The exact cause is not fully understood, but theories include retrograde menstruation (where menstrual tissue implants in the scar during surgery) or iatrogenic implantation of endometrial cells during surgical procedures. Hormonal influences and genetic predisposition may also contribute to the development of this localized form of endometriosis.

Risk Factors

  • Surgical history: Prior obstetric or gynecological surgeries (e.g., cesarean section, hysterectomy).
  • Hormonal factors: Presence of menstrual cycles or hormonal stimulation.
  • Genetic predisposition: Family history of endometriosis.
  • Scar location: Proximity to pelvic structures may increase risk.

Symptoms

  • Cyclic pain or tenderness at the scar site, often worsening during menstruation.
  • Swelling, nodularity, or discoloration of the scar.
  • Bleeding or discharge from the scar during menses.
  • Localized discomfort or functional limitations.

Diagnosis

Diagnosis typically involves clinical evaluation of the scar, including history of cyclic symptoms and prior surgeries. Imaging (e.g., ultrasound, MRI) may identify tissue growth, but definitive diagnosis often requires biopsy to confirm endometrial-like tissue. Hormonal suppression tests (e.g., with progestins) may help assess responsiveness.

Treatment Options

Treatment depends on symptom severity and may include hormonal therapy (e.g., progestins, GnRH agonists) to suppress tissue growth, or surgical excision of the affected scar tissue. Pain management and monitoring for recurrence are also key components of care.

Prognosis and Follow-Up

Prognosis is generally favorable with appropriate treatment, though recurrence is possible. Regular follow-up is recommended to monitor for symptom recurrence or new growth, especially if hormonal therapy is discontinued. Long-term management may be necessary for persistent cases.

Complications

  • Recurrence of endometriotic tissue in the scar.
  • Chronic pain or discomfort.
  • Infection or wound healing issues at the scar site.
  • Psychological impact from persistent symptoms.

Lifestyle & Prevention

  • Maintain open communication with healthcare providers about surgical history and symptoms.
  • Consider hormonal suppression in high-risk cases (e.g., after pelvic surgery).
  • Monitor scar sites for changes, especially during menstruation.

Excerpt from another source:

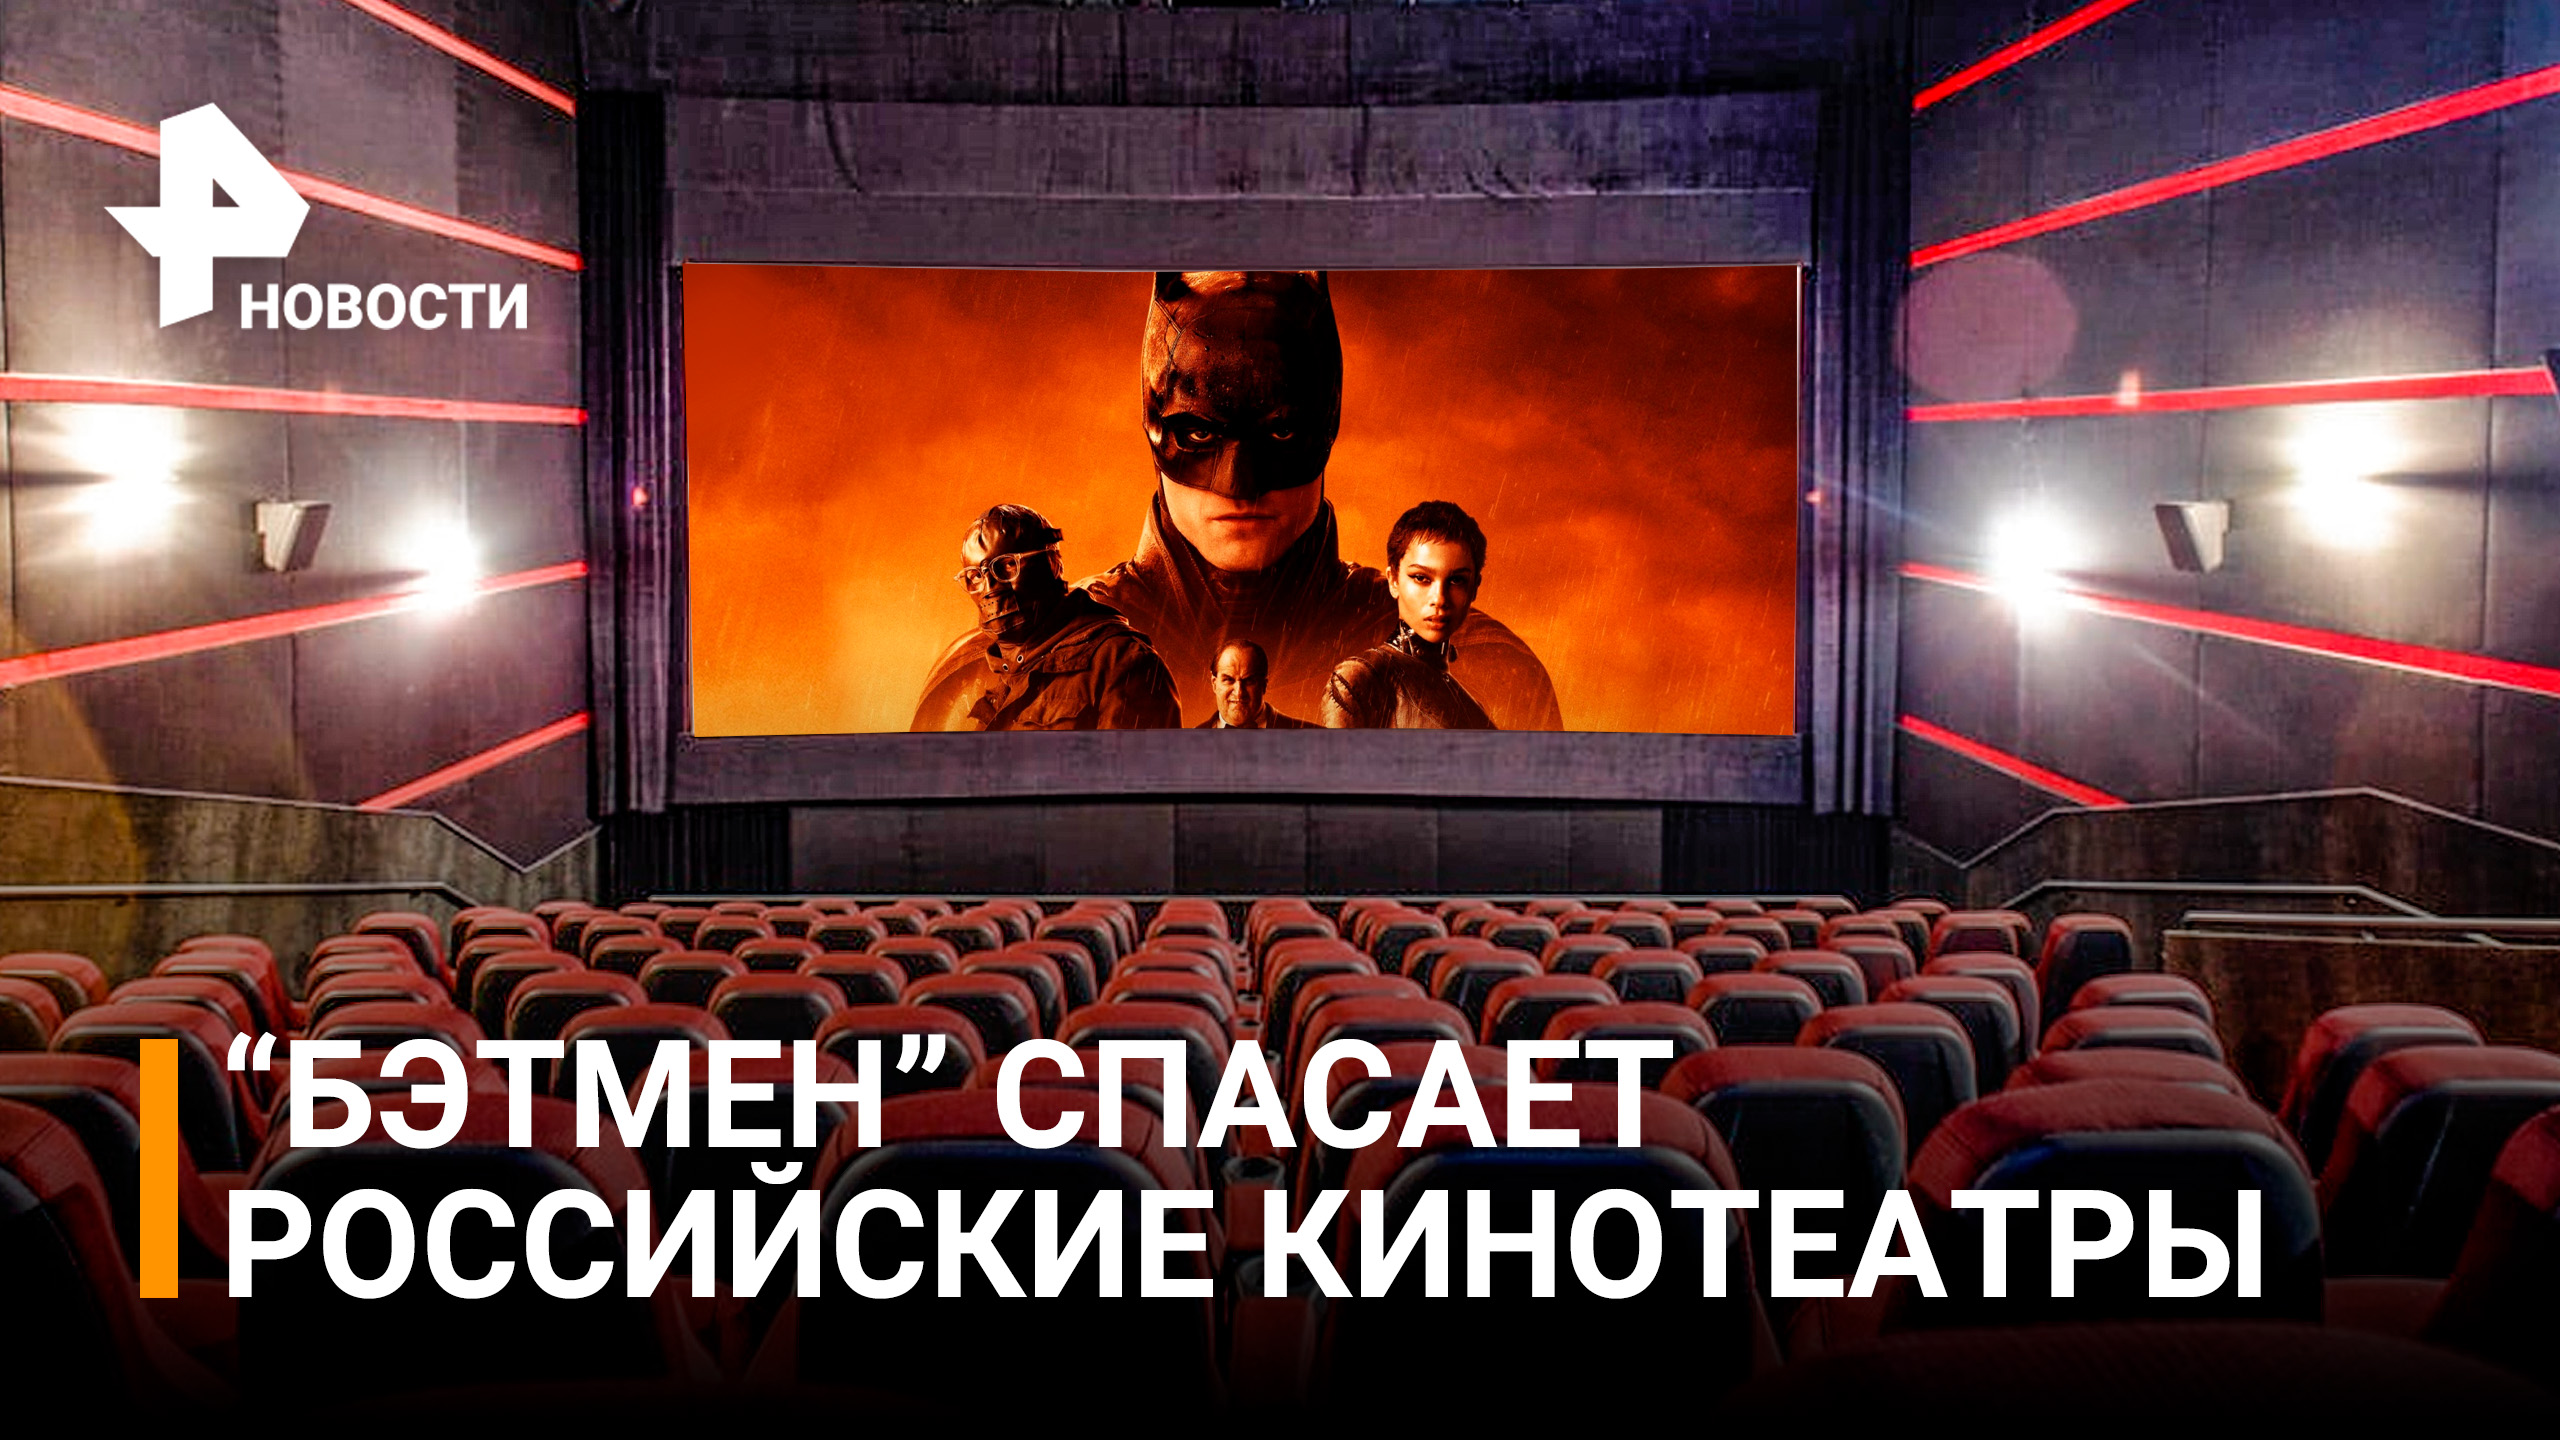 "Бэтмен" уже в кино! Как организовали показ и спасет ли фильм российские кинотеатры / РЕН Новости

When to Seek Professional Help

Seek care if scar-related pain is severe, worsening, or accompanied by bleeding, swelling, or infection. Prompt evaluation is important if symptoms interfere with daily activities or suggest tissue growth.

Tips for Medical Coders

Document the specific scar location (e.g., abdominal, pelvic) and any associated symptoms (e.g., cyclic pain, bleeding) to support code assignment. Include details of prior surgeries or hormonal influences if relevant. Ensure clear differentiation from other scar-related conditions to justify N80.6.